- Photographed in 1974
- Born: Barbara Juanita Gardner November 30, 1932 Black Mountain, North Carolina
- Died: December 19, 2018 (aged 86) Chicago, Illinois
- Known for: First African-American Woman who owned and operated an advertising agency

= Barbara Gardner Proctor =

American advertising executive (1932–2018)

Barbara Juanita Gardner Proctor (November 30, 1932 – December 19, 2018) was an American advertising executive. In 1970 she founded Proctor and Gardner Advertising, Inc.

In 1976, she was advertising person on the year. She was the first African American woman to own and operate an advertising agency. In 1986 her success was being quoted by Ronald Reagan and the Smithsonian.

==Career==
===Early life and career===
Born in Black Mountain, North Carolina in 1932, Gardner was mainly raised by her grandmother. She attended high school in Asheville, NC and studied at Talladega College, Alabama graduating after three years with a degree in English and education and, a year later, in 1954, she gained a further degree in psychology and sociology.

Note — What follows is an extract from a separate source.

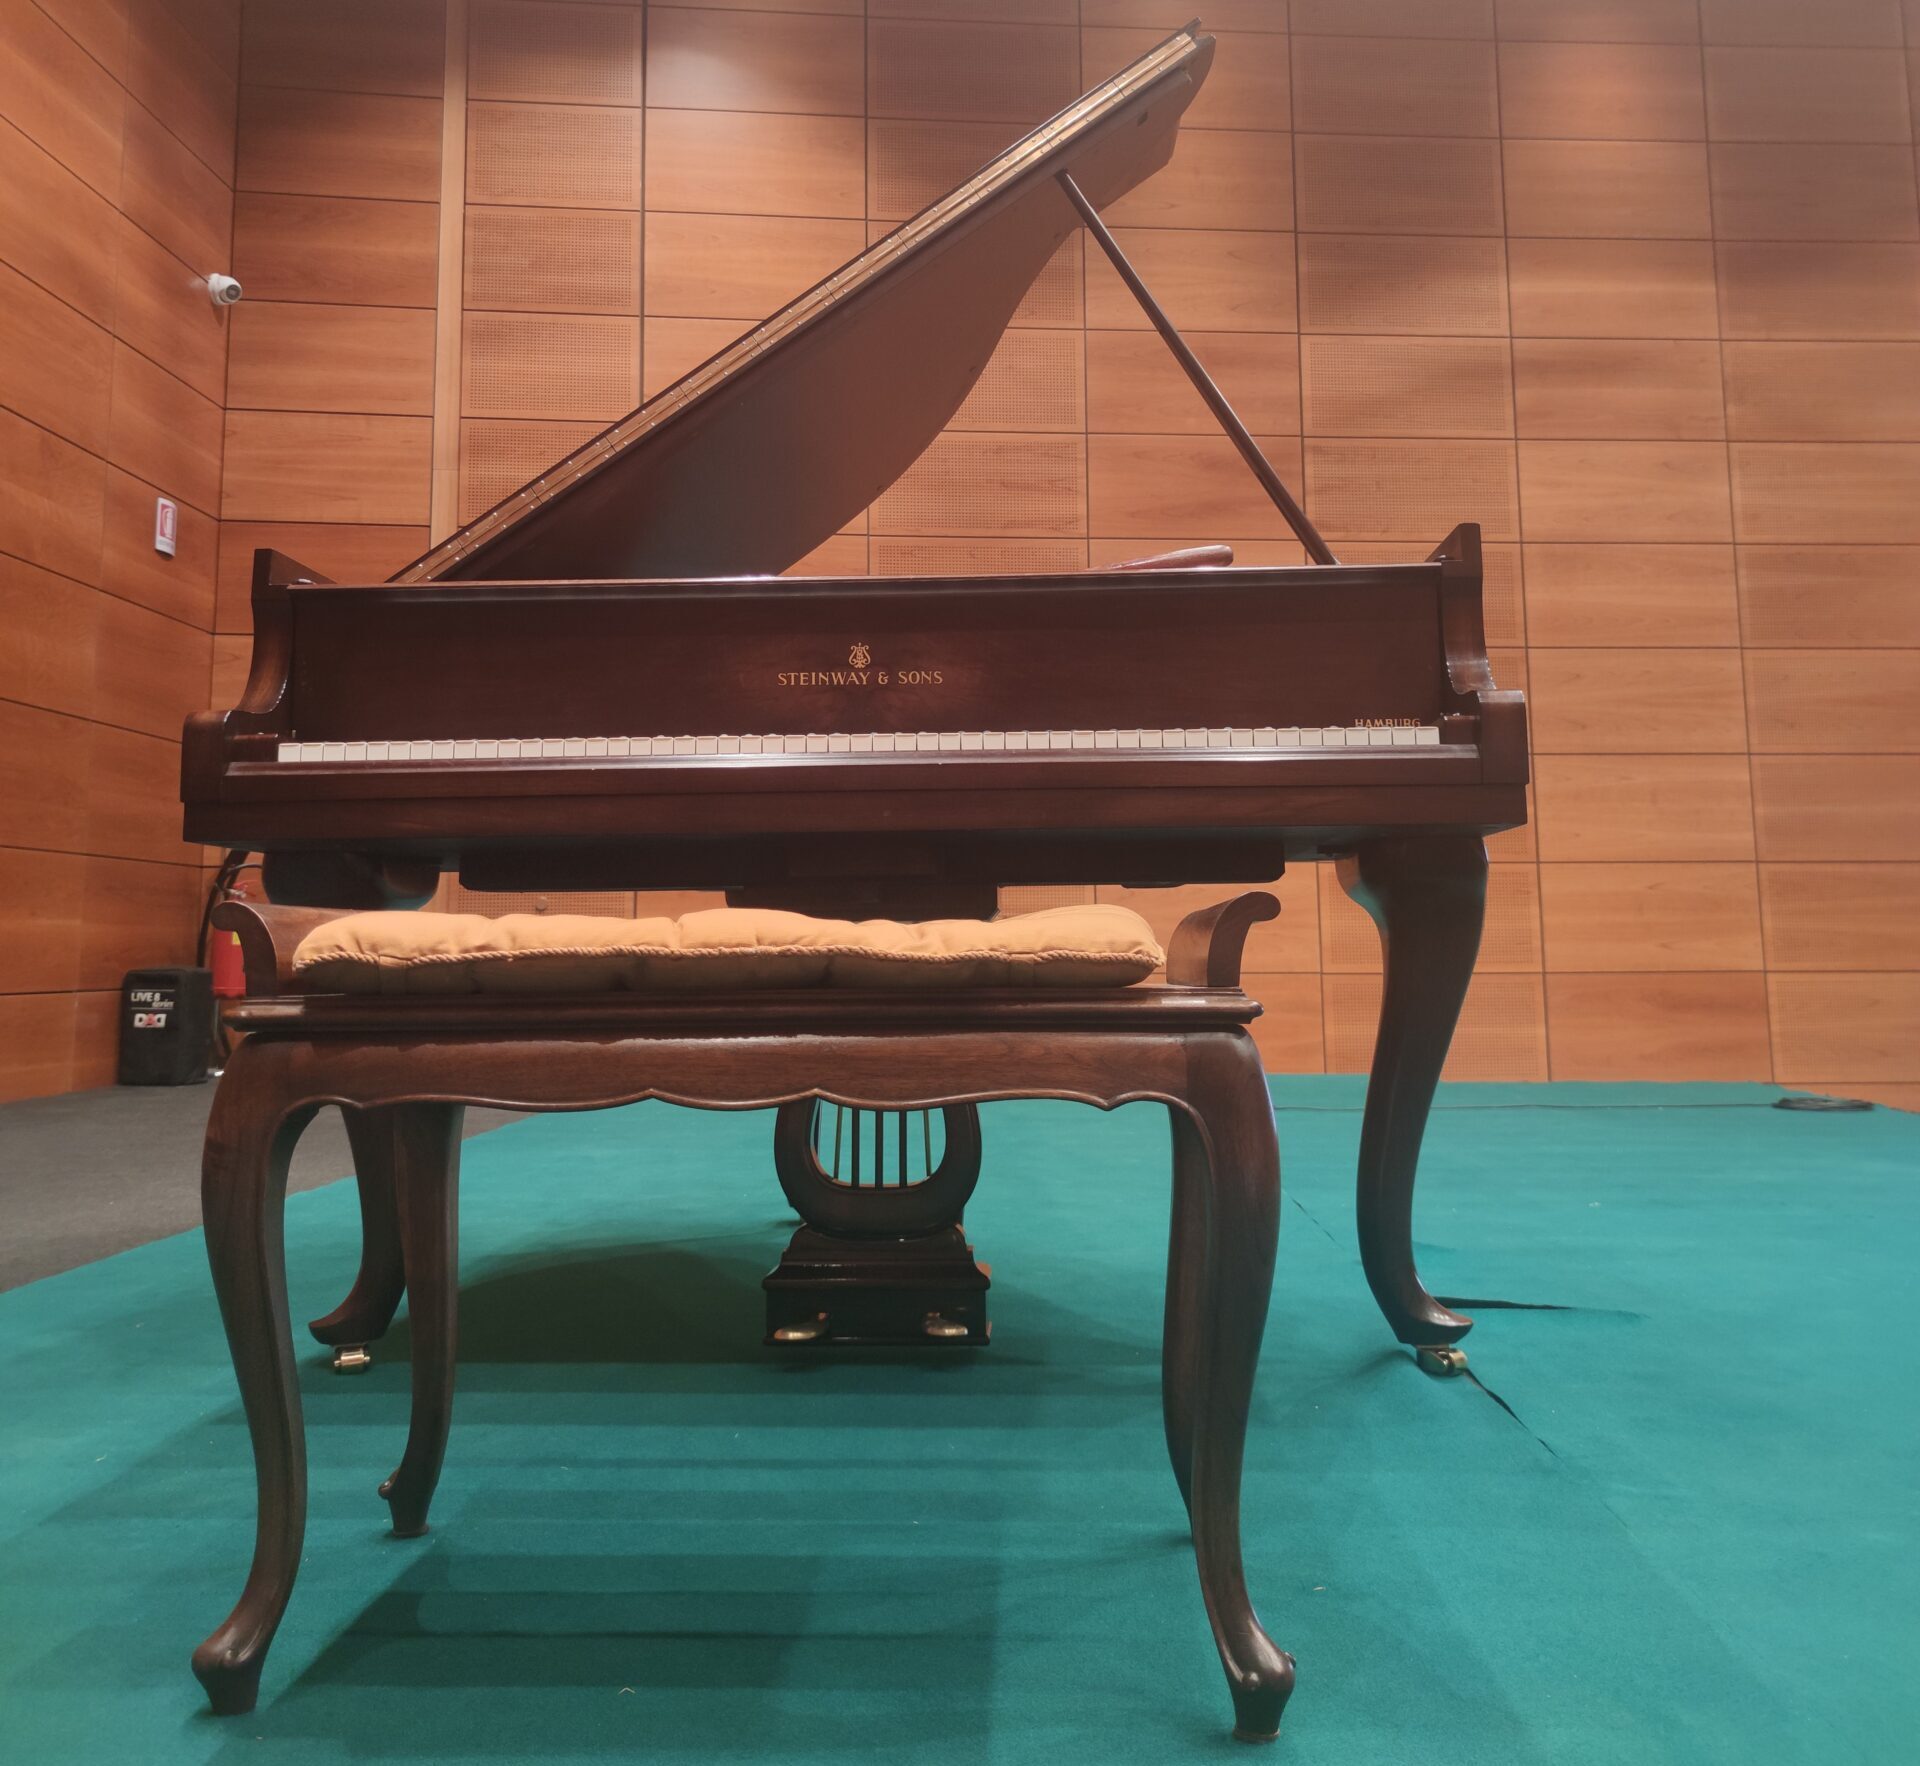 Concorso internazionale di canto “Renata Tebaldi”, il pianoforte dell’artista ospite speciale a San Marino
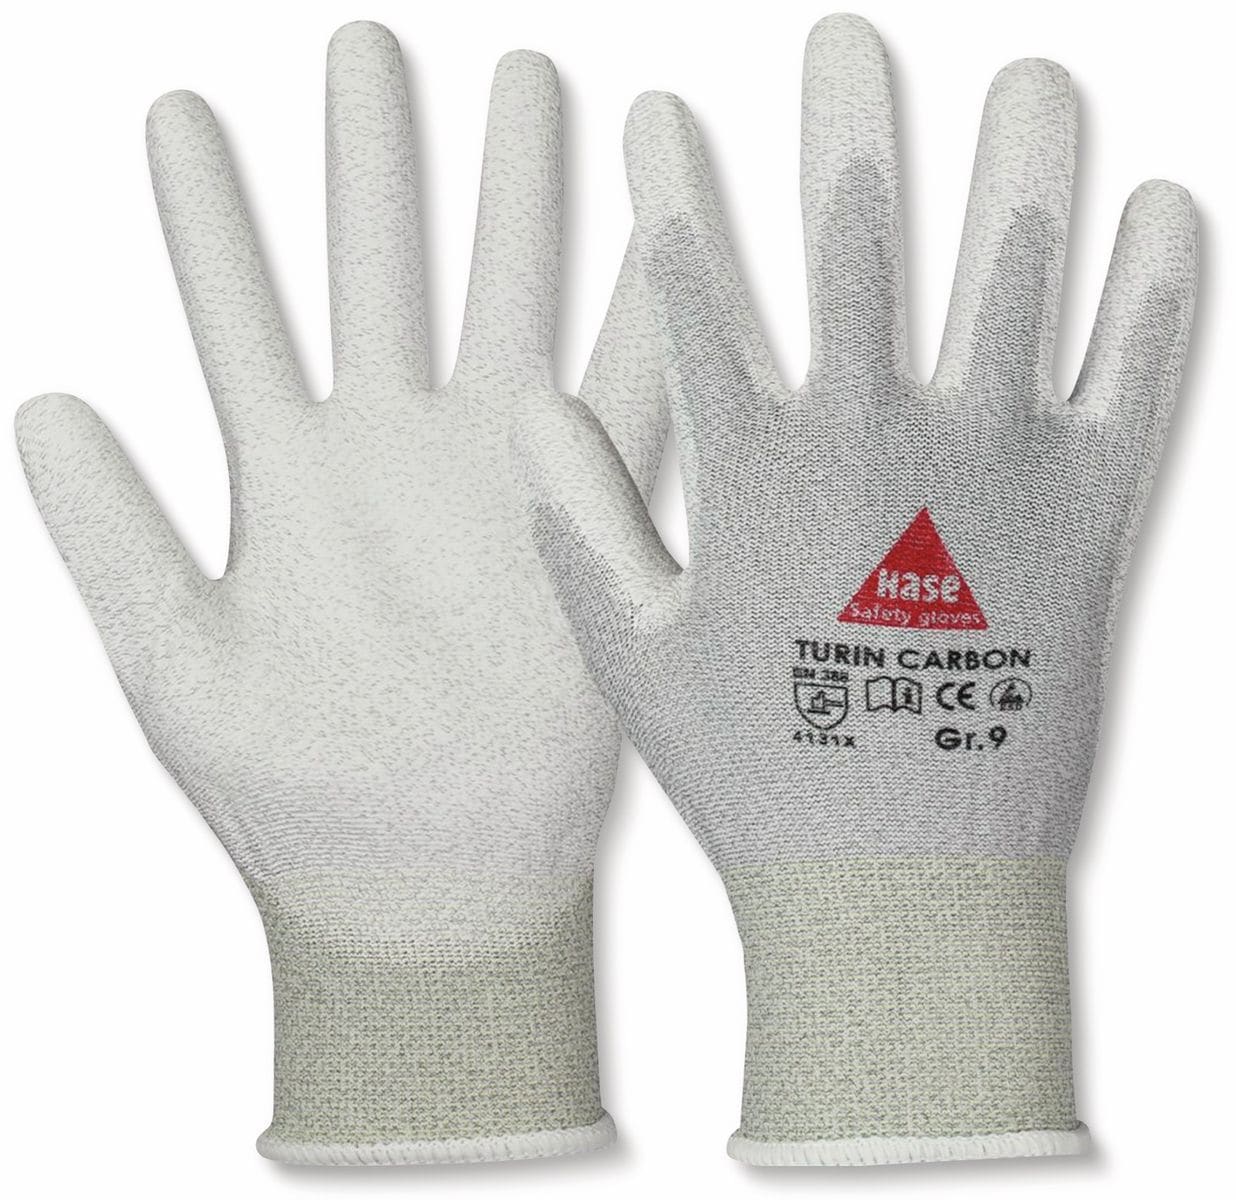 HASE SAFETY GLOVES Montagehandschuhe, TURIN CARBON, EN388, EN 420, antistatisch, grau/weiß, Größe 7 von Hase Safety gloves

Her earliest occupations were in teaching, counseling and social work. After forming a friendship with Sid McCoy, a Chicago-based disc jockey whose family owned a record store in the city, she was hired by VeeJay Records, with which McCoy was also connected, on his recommendation. She wrote publicity material for the company and liner notes for its album releases. She was the only African American woman working in such a position in the music industry at that time. In the early part of her career (as Barbara J. Gardner), she was a freelance jazz critic writing for DownBeat magazine; she later joined the staff and became a contributing editor.

Meanwhile, around 1960, Gardner became director of VeeJay Records' International Division. In this role, Gardner brought The Beatles to the United States in December 1962 for the first time. VeeJay was responsible for releasing The Beatles earliest records in the United States, via a deal in early 1963 which Gardner made with EMI executives in London.

===Career in advertising===
In 1964, she was hired by the Post-Keyes-Gardner Agency, where she began using her married name Proctor so as to not share a name with one of the agency partners. She won 21 awards in three years at that agency. In 1969, she worked at Gene Taylor Associates as a copy supervisor, and later that year worked at North in a similar position. But she thought that at North she was limited to dealing with beauty and household products, and that the company focused on pleasing the customer rather than selling the product. She was fired from North for refusing to work on an advertising campaign for a hair care product which she felt demeaned the Civil rights movement. Gardner Proctor recalled in an interview for C-SPAN: "they wanted me to do a ‘foam-in’ demonstration in the streets, with women running down the streets waving hair spray cans. I said I would never do that."

Therefore, she began her own advertising agency in 1970, called Proctor and Gardner Advertising, Inc. using her own name and her married name assisted by a loan from the Small Business Administration. Her 1960 marriage to Carl Proctor had ended in divorce in 1963, but she used this form to overcome any chauvinism from potential clients. It quickly became the second largest African American advertisement agency in the United States.

In 1995, the company filed for bankruptcy.

==Awards==
In 1974, she was named the Chicago Advertising Woman of the Year by the Woman's Ad Club, and chosen as "Advertising Person of the Year" by the sixth district of the American Advertising Federation the following year. In 1976, she was elected as the first African-American women to head the Cosmopolitan Chamber of Commerce. She was the president of the National League of Black Women from 1978 to 1982. In 1979, the Supersisters trading card set was produced and distributed; one of the cards featured her name and picture. She received the 1980 Headliner Award from the Association for Women in Communications. From 1983 to 1984, she was the cochair of the Gannon-Proctor Commission, which was appointed by the governor of Illinois to study the economy of Illinois. She was cited by President Ronald Reagan in his State of the Union address, and was included in his 1986 special report "Risk to Riches: Women and Entrepreneurship in America." The Smithsonian Institution also featured her in its "Black Women Achievement against the Odds Hall of Fame.

Gardner Proctor died in a Chicago rehabilitation center on December 19, 2018, shortly after a fall caused a broken hip. She had suffered from dementia for some years.